Friday, September 16, 2011

Teaching reading--a personal history

My career in education has been a twisty road with sharp turns.  When I graduated from college in 1987, I landed a dream job teaching in a special education resource classroom.  I say "dream job" because that first year, there were three resource teachers on campus; we each had two grade levels, and my assignment was K-1.  I started off with four students and an assistant!  By the end of the year, I was up to ten in my caseload, but I was still able to truly give them the individualized attention they needed and deserved.

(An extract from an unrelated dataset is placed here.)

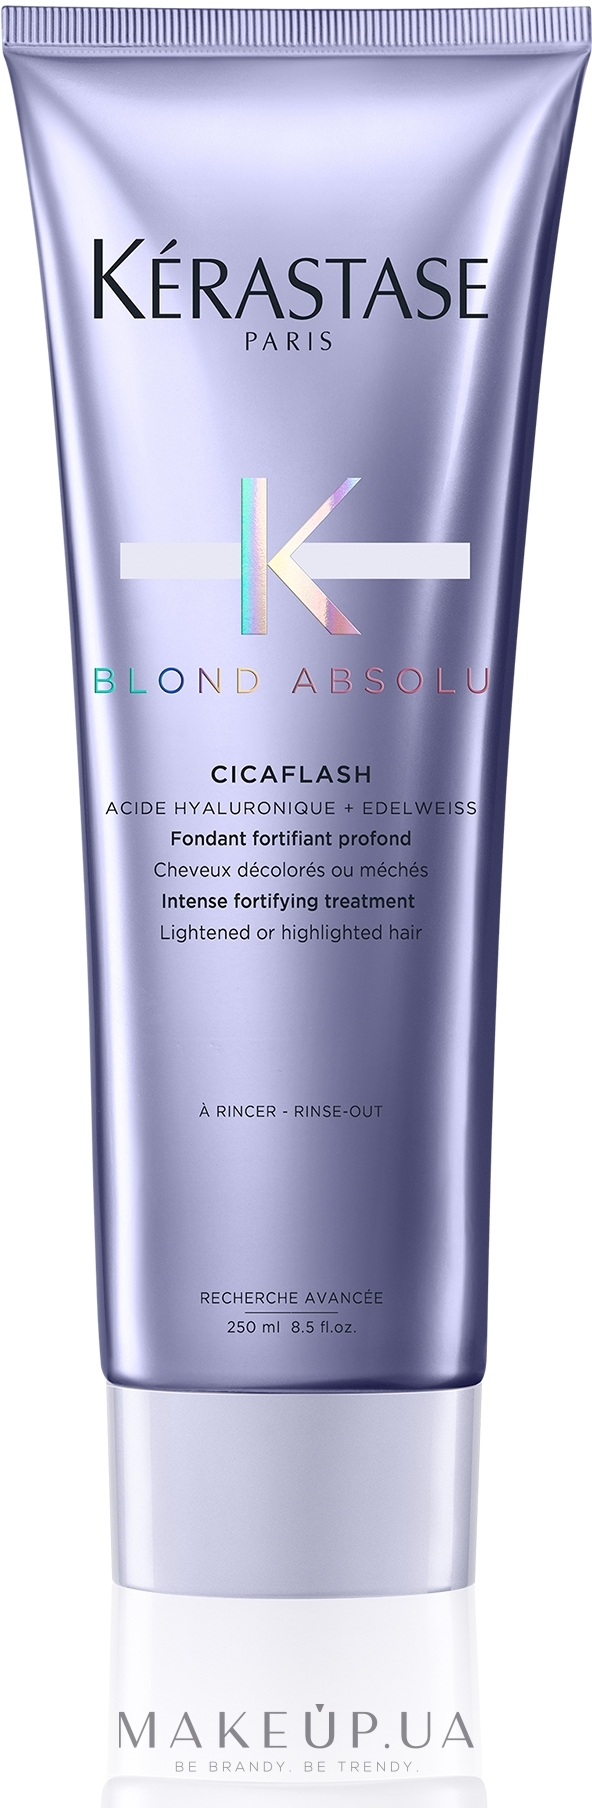 Фондан для зволоження і відновлення волосся - Kerastase Blond Absolu Cicaflash Conditioner — фото 250ml
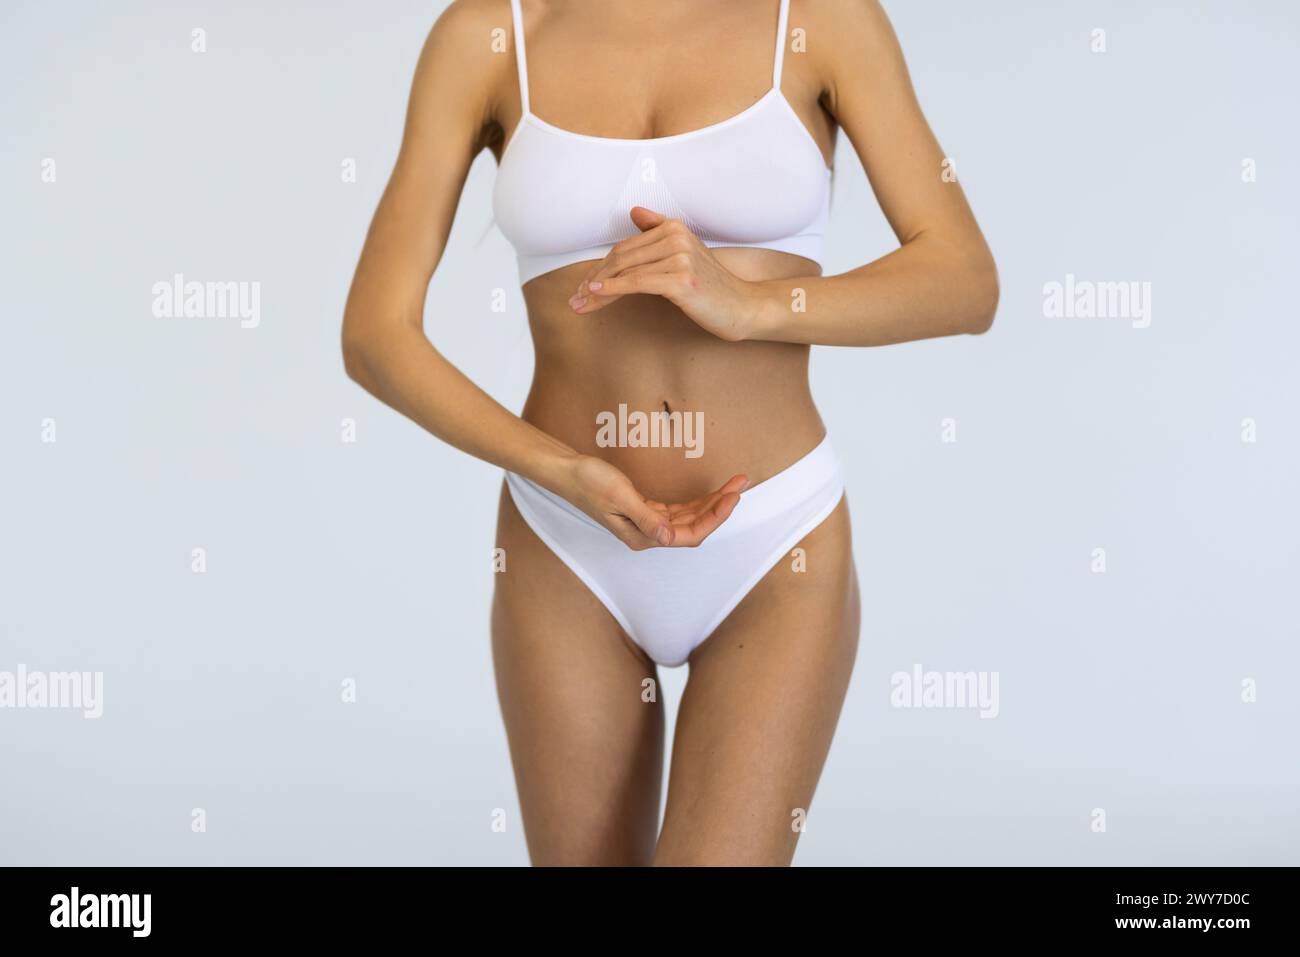 Régime. Image recadrée d'un corps féminin mince et sain, sein, ventre sur fond gris de studio. Mannequin posant en sous-vêtements blancs. Concept de corps et SK Banque D'Images

Fast forward four years:  my fifth year of teaching, and I was the only special education teacher on campus.  My caseload was up around sixteen students, teaching thirty-five subject-levels, and running a content mastery center with an assistant.  To call me frazzled was an understatement.  I made it through year six only because they hired a wonderful teacher to partner with me, and we became good friends in our shared classroom--and we're friends to this day.

I used many reading strategies during those years; with students receiving special education services, you find what fits!  Books on tape (a few of which I recorded!), recorded vocabulary words (does anyone remember those machines that read sentence strips embedded with recording tape?), Stevenson, multisensory (shaving cream, salt, AlphaBits cereal), read-alouds, music, magnetic letters and words, trade books, whole language, phonics, highlighting, pre-teaching, basal readers...we did a lot of literacy instruction in that room.

Then I quit teaching to be a mom.  Well, to be a mom AND a tutor, and then a mom AND a neonatal unit assistant/desk clerk.  (Told you there were sharp turns.)  And when I finally went back to education, it was as an ARD facilitator.  (For those readers outside of Texas, an ARD stands for Admission, Review, and Dismissal meetings, otherwise known as IEP Team meetings in your neck of the woods.)  I enjoyed facilitating ARDs, so much so that I did that job for eleven years....until my job went away.  I was put in the district surplus pool, and rescued by my children's elementary alma mater, where I currently teach.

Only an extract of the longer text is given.